The rabbit hopped forward and stopped, its whiskers twitching. Its red eyes shone bright under the naked bulb hanging overhead.

"I'm not," he insisted hopelessly, and tried to stop breathing because his head was pounding and each inhale burned his lungs and made the room fade for a split second of nauseous gray.

"Axel?" Roxas's voice, drifting in from the other side of the door. Axel squeezed his eyes shut and heard more emotion in that one word than he ever thought possible coming from the boy.

His chest hurt.

"Axel? Hey, open up."

Axel.

Axel Axel Axel.

He drifted off to the sound of his own name, the two syllables beating into his brain like a song on loop. It had never sounded lovelier.

!

This was...odd.

A pair of blue eyes greeted him as he squinted blearily at the face hovering a few inches above his own. Which made no sense until he felt the hard press of the floor beneath him and he realized he was still lying flat on his back in the bathroom.

Roxas sucked in a sharp breath and let it out. "Fuck," the boy said, rocking back on his heels. His face was stark white, dragging up thoughts of bandages and hospital sheets and sterilized dead things.

Axel groaned and tried to sit up.

Kairi appeared beside him and bent down, not even bothering to hide her tears this time as she smiled and tucked her hair behind one ear.

"God, Axel. I think I would kill you if I didn't love you so much." She laughed and a few tears dropped onto his face. Her small hands hooked under one of his arms and Roxas took his other side. Together, they pulled him up and positioned him so he was propped up against the wall.

"You're real?" Axel mumbled. He reached out and fumbled around until he found Roxas's hand. Roxas gripped back painfully hard and nodded.

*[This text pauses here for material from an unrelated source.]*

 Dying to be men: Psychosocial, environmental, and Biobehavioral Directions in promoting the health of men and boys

Past the sound of the approaching sirens and the normal city clamor, Axel could hear Roxas's soft voice saying,

"As real as you are. Fucker."

"Oh." He blinked and tried to focus on the pale face before him, the blue eyes trained on his own. He whispered, "Then I think I might be in love with you."

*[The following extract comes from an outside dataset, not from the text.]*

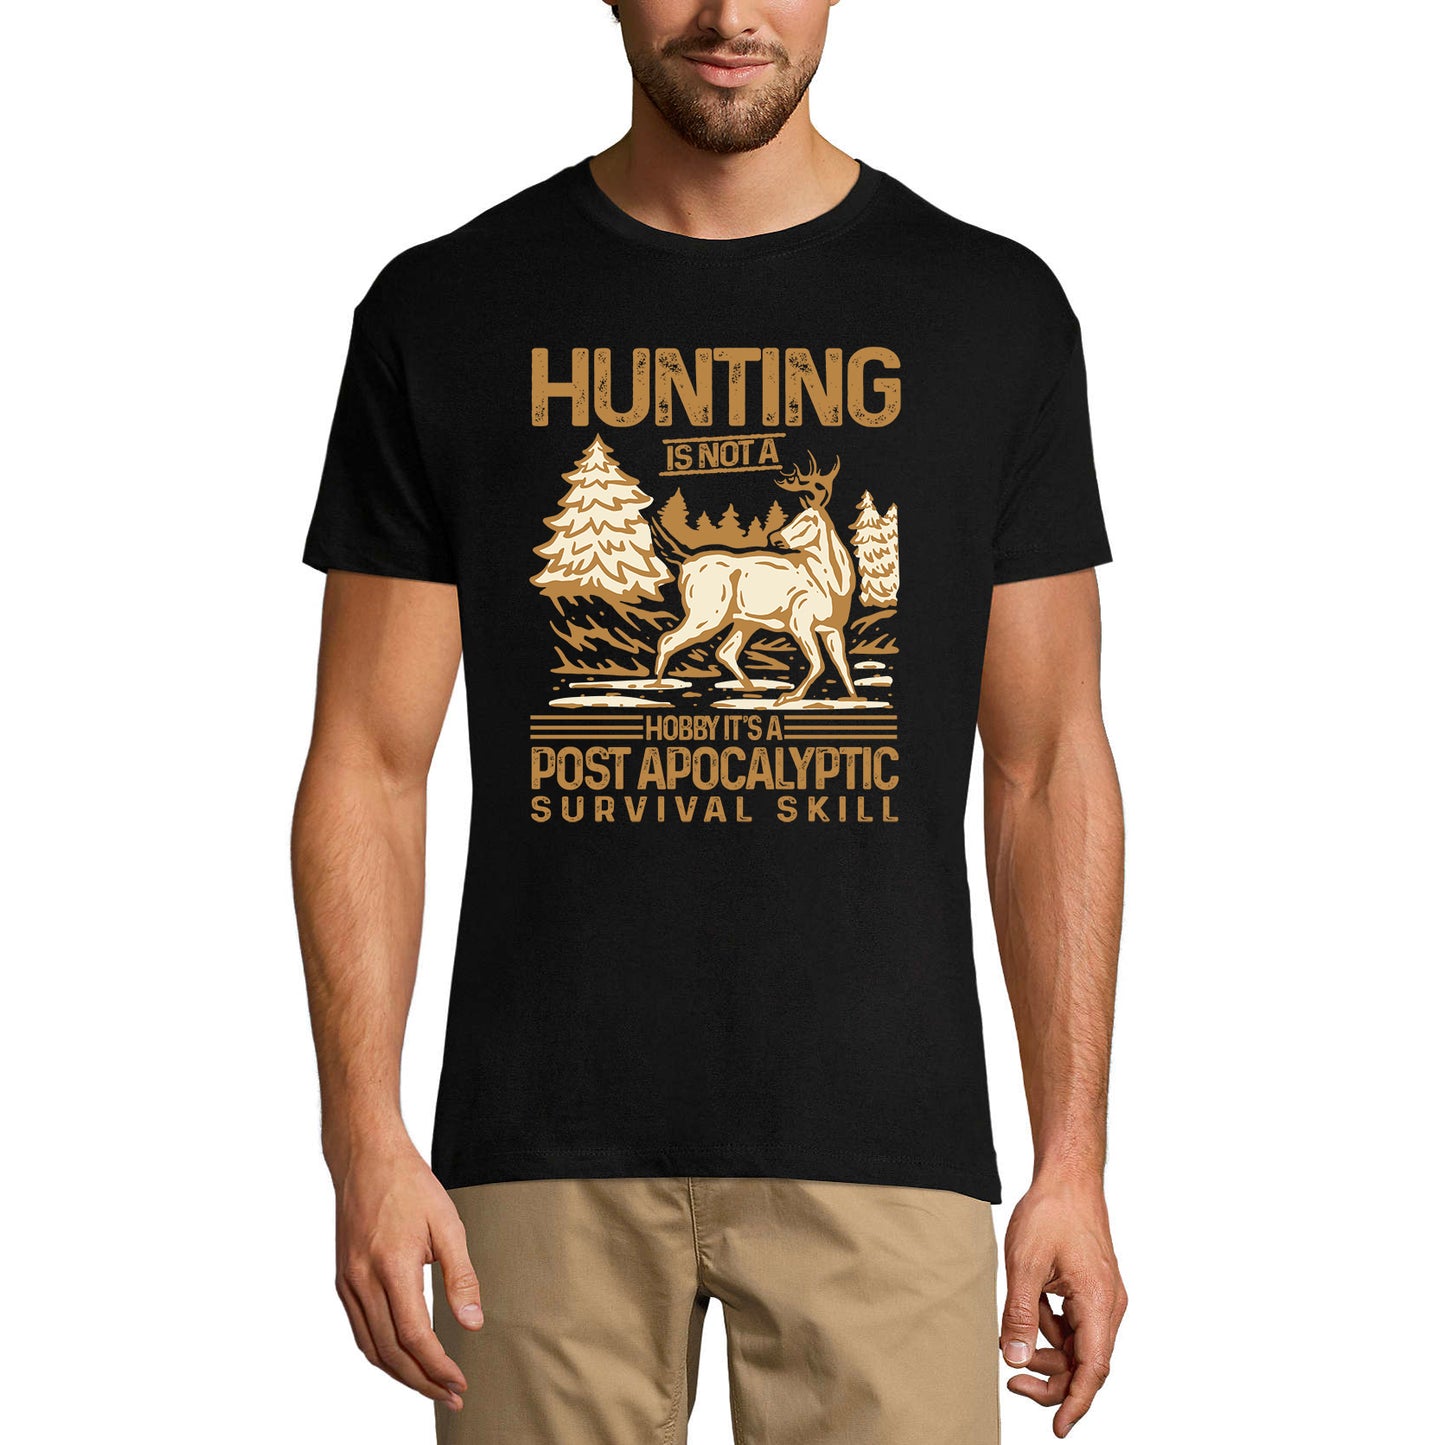 ULTRABASIC Men's T-Shirt Hunting is Not a Hobby It's Post Apocalyptic Survival Skill - Hunter Tee Shirt

Just before he blacked out, he thought he caught a glimpse of Roxas's brilliant white smile.

!

"I'm sick," Axel said. His body was strapped down to the bed with strips of old leather, worn soft from years of restraining bodies. He wiggled his fingers and Roxas placed his cold hand over them, squeezing quickly.

Roxas said, "I know. I just don't care."

"You're the crazy one, then." Axel laughed and saw an answering twitch in Roxas's lips. His chest felt light, so light, lighter than a hot air balloon. Axel was ready to fly out of the building and never come back but something was holding him down.

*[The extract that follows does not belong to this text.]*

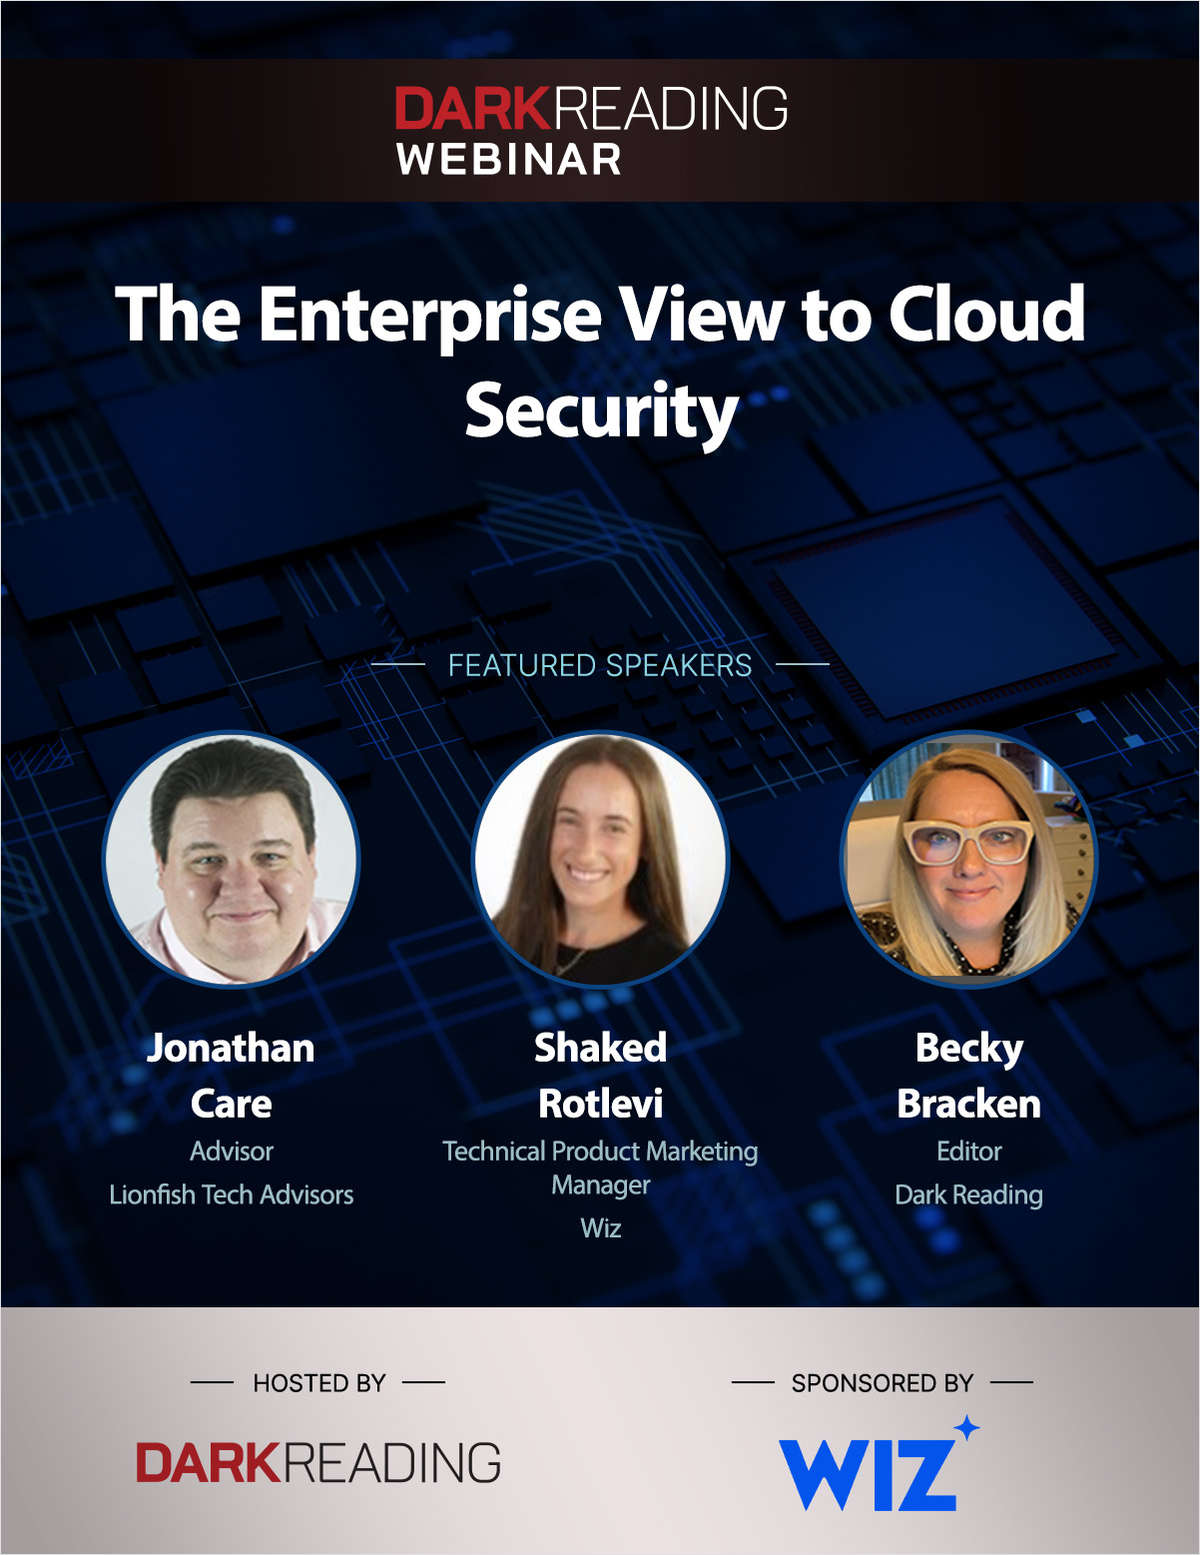 The Enterprise View to Cloud Security

"Maybe," Roxas said, leaning over him, each breath tickling Axel's face. He whispered, "What are you going to do about it?"

Axel arched up and kissed the smirking face fiercely, claiming it for his own. In the back of his mind, he heard the snap of a blade being drawn and then felt a brief tug before the leather straps slipped away.

"Ready to go?" Roxas asked.

Axel nodded, felt his breath catch in his throat.

He had found the cure to everything and it was fucking beautiful.